← SadaPay · Case study · 2021 – 2022
Pakistan's first token-based design system.
SadaPay was growing fast — a team of eight shipping in parallel with no shared language. Components existed but weren't systematic. I built Nukta in 2021 — a token-first design system that bridged design and engineering with one shared vocabulary.
Nukta · Design System · SadaPay · 2021 – 2022
SadaPay's design team had grown from one to eight. Multiple product squads shipping features in parallel meant inconsistent spacing, mismatched colors, buttons that looked different on every screen. Designers and engineers were speaking different languages.
Every new hire meant more divergence. Every feature shipped without a system meant more design debt. Components existed, but they were patches on a growing problem — not a foundation anyone could build on.
I started with an audit — every screen, every component, every color value across the entire product. Dozens of near-identical grays. Inconsistent type scales. Padding values that varied by screen.
Before designing a single component, I defined the primitive tokens: colors, spacing, typography, elevation, radii. Then I mapped those primitives to semantic tokens that described intent, not appearance — color-surface-primary instead of gray-900. The system could adapt to light mode, dark mode, or new brand colors without touching a single component.

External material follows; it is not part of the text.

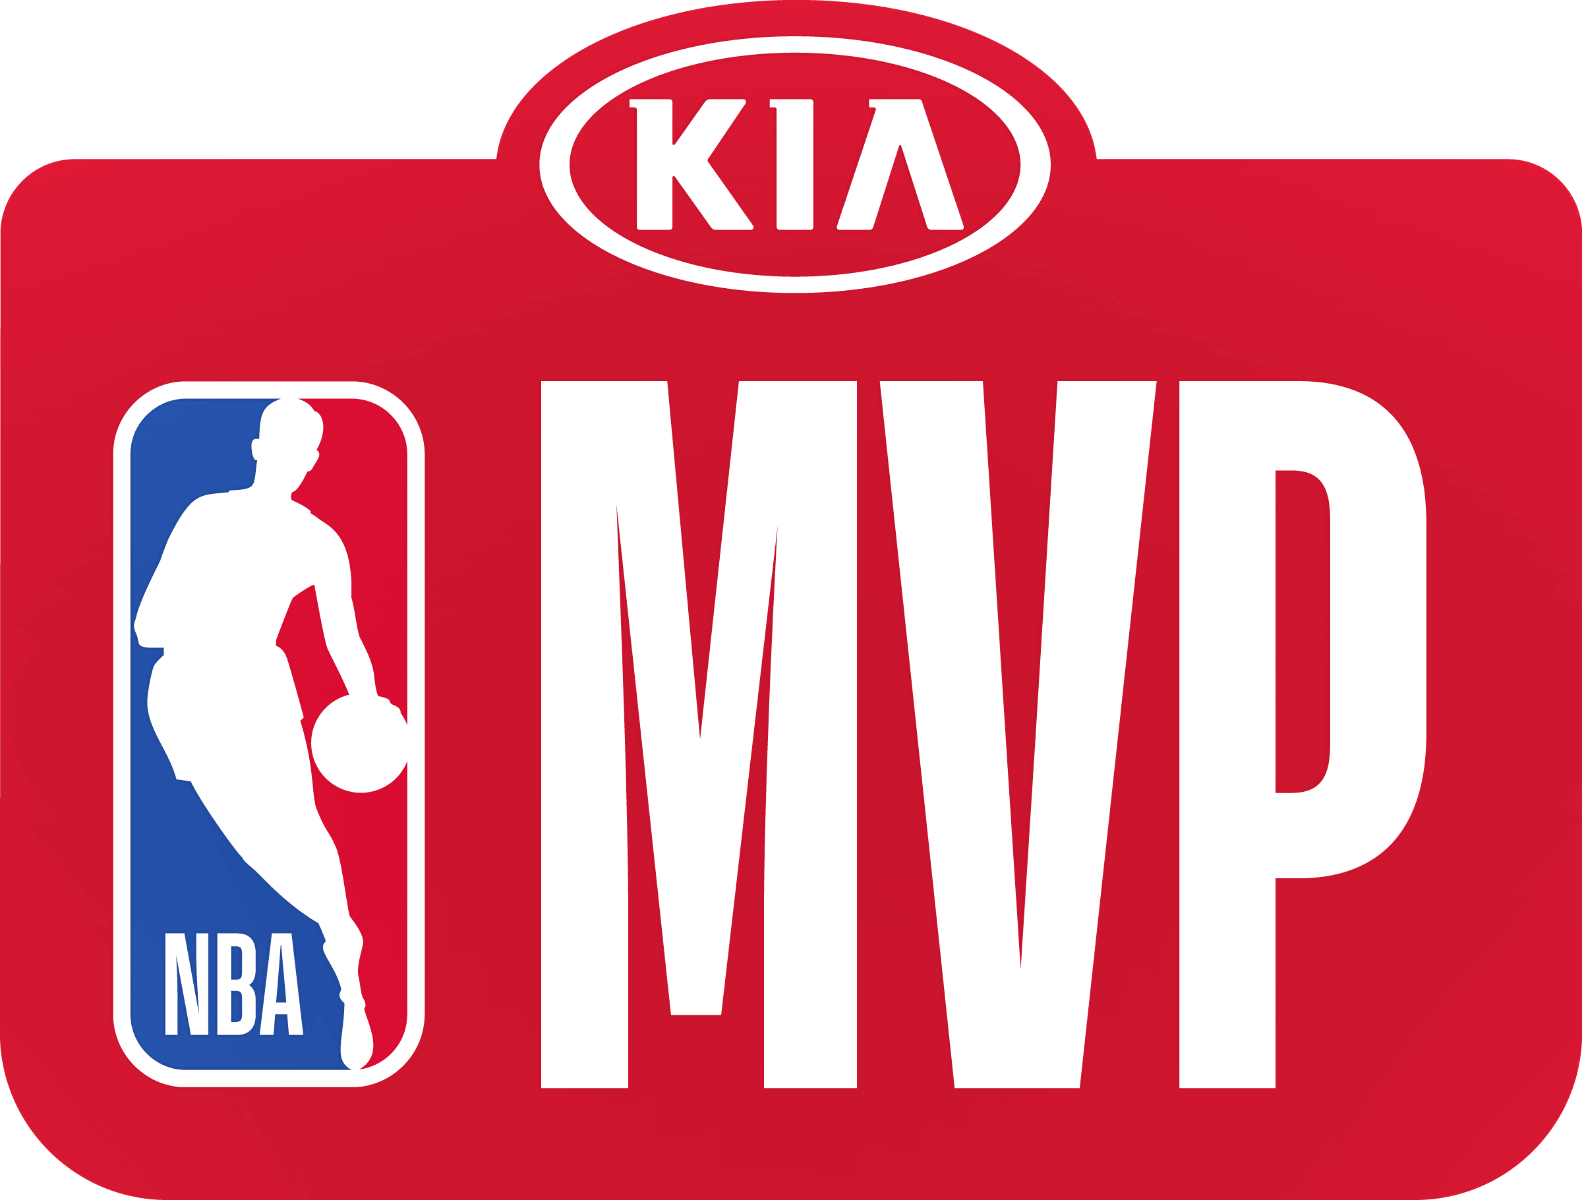 Milwaukee’s Giannis Antetokounmpo wins 2019-20 Kia NBA Most Valuable Player Award

I worked with engineering from day one. Every token in Figma had a corresponding token in the codebase. No translation layer, no interpretation — the same language in both tools.
A contract between design and engineering — a shared source of truth that both teams could reference, contribute to, and rely on.
The thesis behind Nukta
Nukta gave SadaPay consistency at scale during a period of rapid growth. New designers onboarded faster because the system taught them SadaPay's design language. Engineers stopped guessing at spacing and color values. Handoff became a non-issue — both sides spoke the same token language.
Most importantly, Nukta survived designer turnover. When team members left and new ones joined, the system held. The product stayed consistent because the knowledge wasn't in people's heads — it was in the system.